Seriously … Briefly, the scientific evidence is overwhelming that at present, African-Americans on average are not as intelligent as non-black Americans, with intelligence being defined in the standard as sense as the traits that can be measured with pencil and paper cognitive problems that correlate with school and job performance.

So far, no good theoretical reasons have been put forward for why this noticeable but not immense gap in cognitive abilities could not possibly be genetic in sizable measure.

On the other hand, final proof that genes do play a role in The Gap hasn’t arrived yet. The discovery of the existence of the Flynn Effect several decades ago shows that these can be complex questions with unexpected answers.

But the infrastructure that might be able to deliver that proof is being assembled for other purposes. I would suggest that public intellectuals who are ill-equipped to engage in the actual scientific research should be thinking about two questions:

First, is there a more persuasive theory for explaining African-American cognitive underachievement in 2020 than merely shouting ever-louder about the events of the ever-receding past such as Emmett Till and redlining? In reality, of course, progressives have dominated all aspects of our culture when it comes to race for about three score years. Perhaps the failure of blacks to catch up with, say, Mexican-Americans in 2020 has less to do with 1619 and more to do with the conventional wisdom that emerged in, say, 1969 and has only grown more dogmatic since then.
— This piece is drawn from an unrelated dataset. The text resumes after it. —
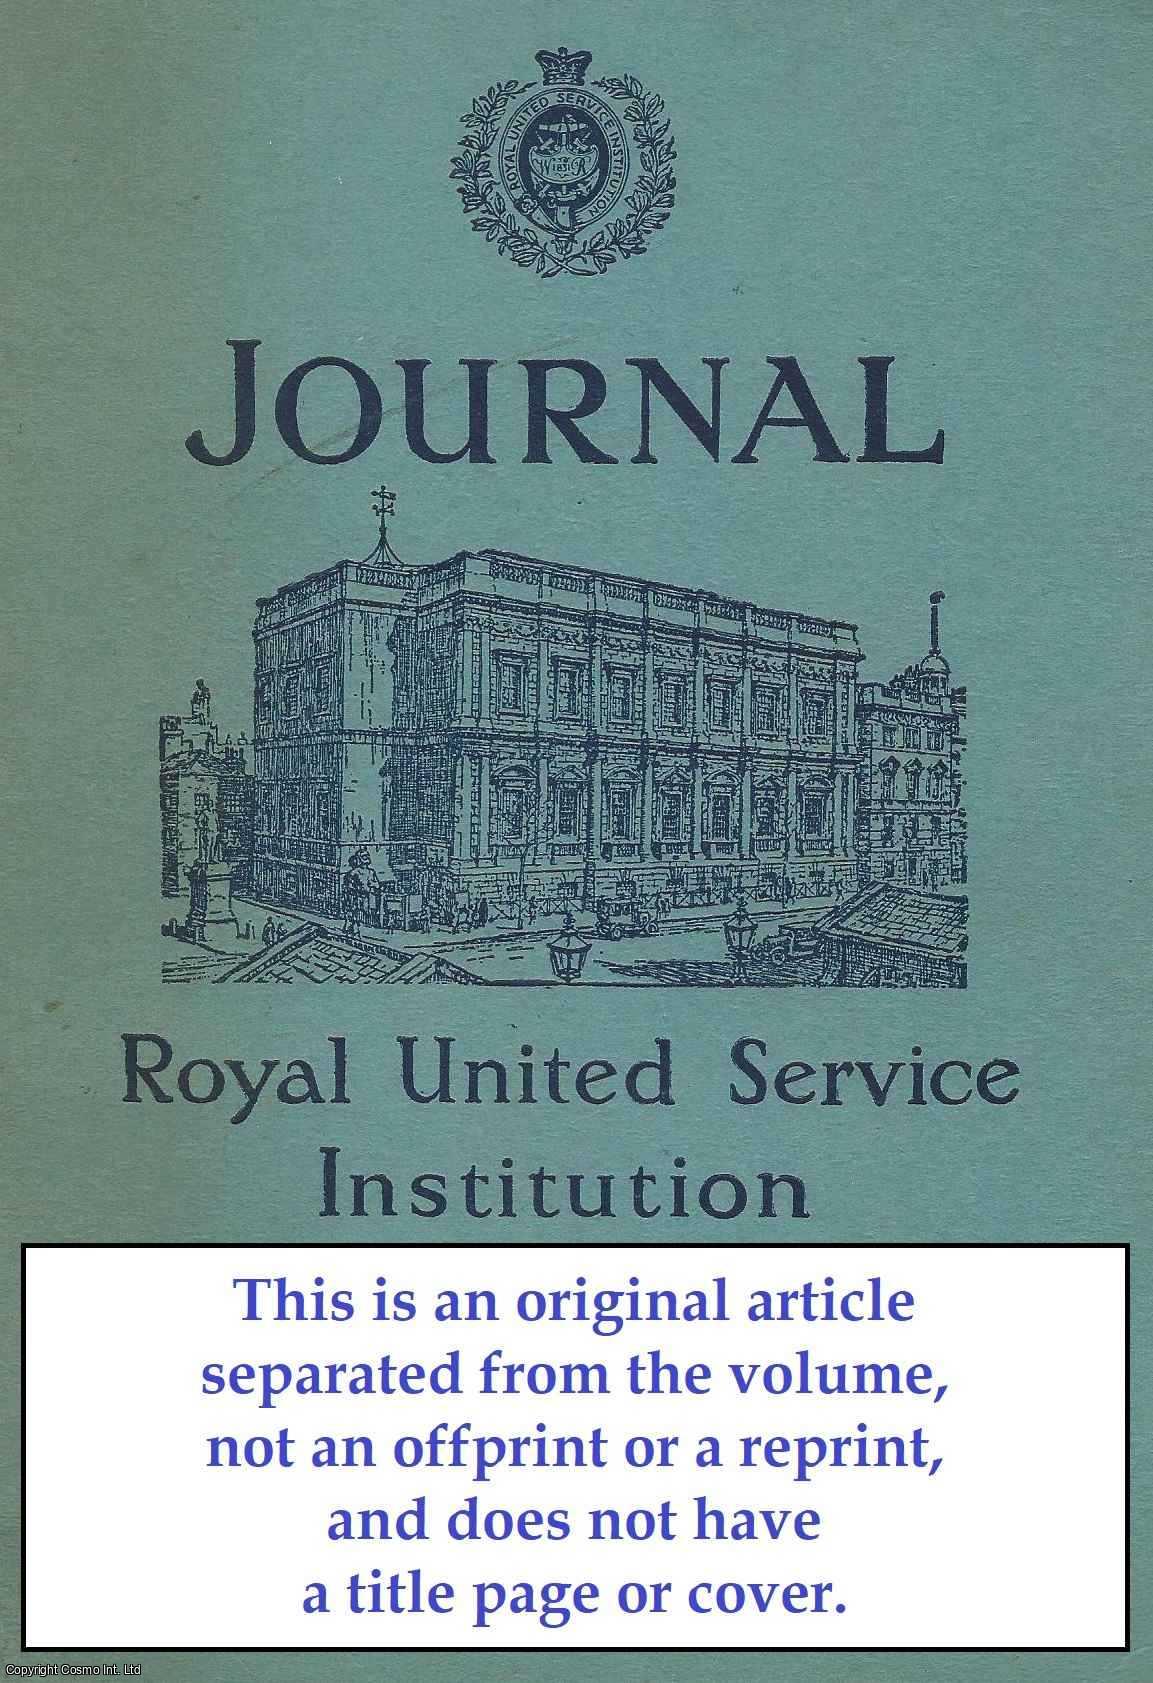 O. R. - Soldier to Civilian. An original article from Journal of The Royal United Service Institution, 1958.
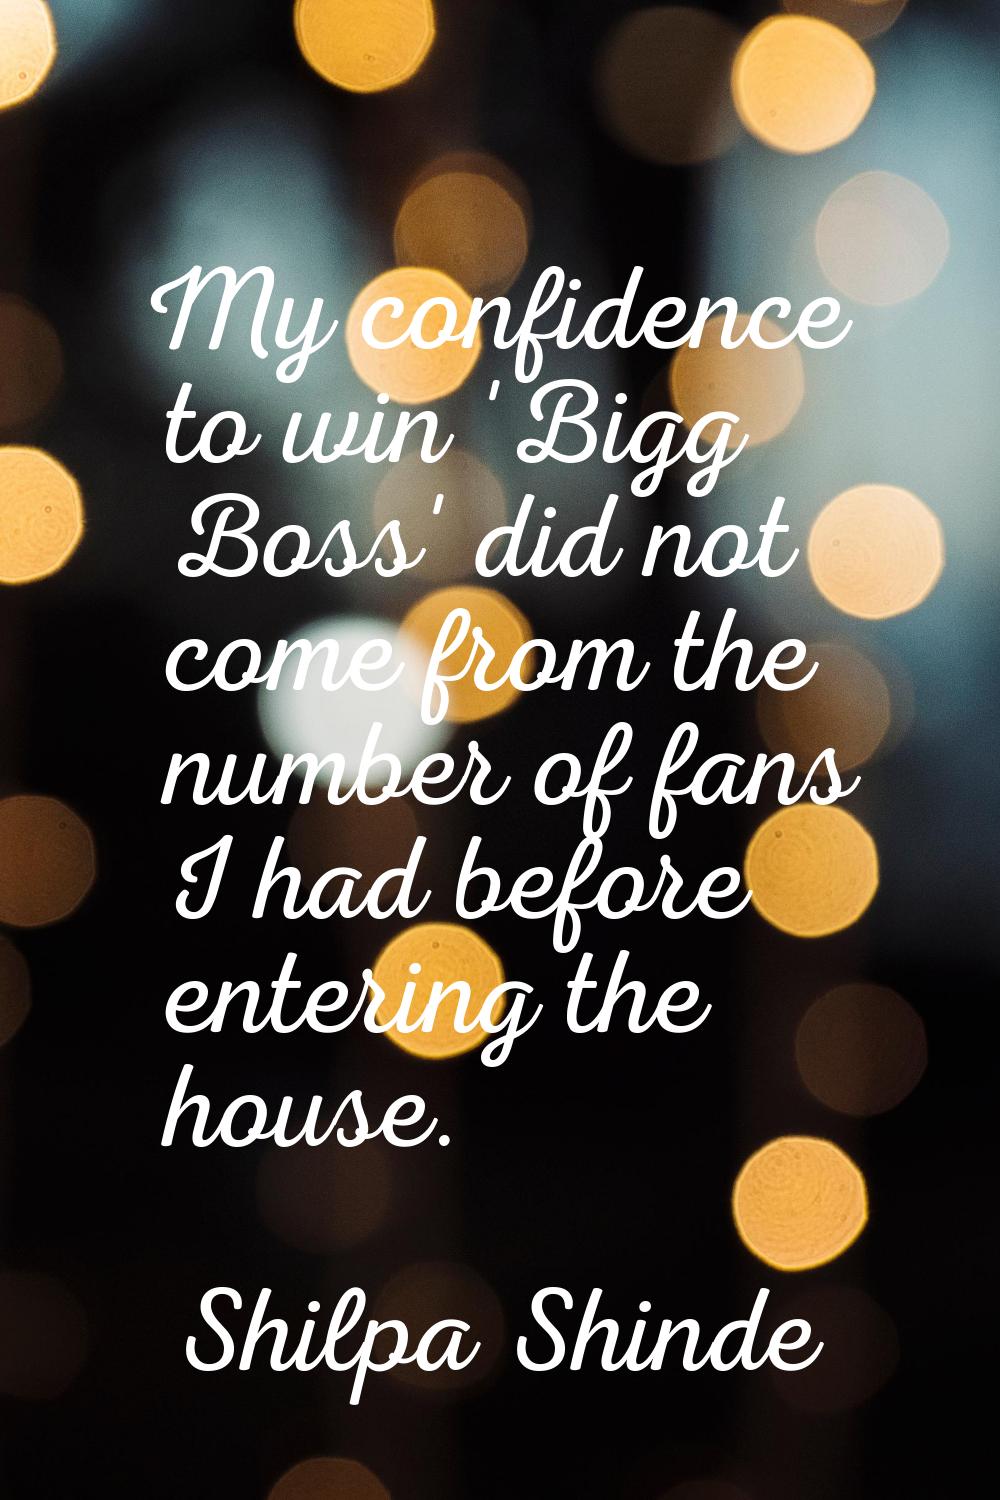 My confidence to win 'Bigg Boss' did not come from the number of fans I had before entering the hou

Perhaps blacks' performance in America is mediocre in 2020 less because they were oppressed in 1619 than because they were coddled in 2019?

What could we change in 21st Century American culture to improve the behavior of African-Americans so that they don’t commit so many murders and so they try harder in school?

Secondly, public intellectuals should be pondering how best to prepare the public for the likely deluge of scientific discoveries that will completely undermine most of the propaganda of recent decades. Rather than doubling down on their old favorite — “The Bell Curve couldn’t possibly be scientifically true because that would mean … HITLER WAS RIGHT!”—platformed public intellectuals should be thinking about how to prepare for their graceful retreats. For example, admitting that even if Charles Murray turned out to be right, that doesn’t mean we should invade Poland.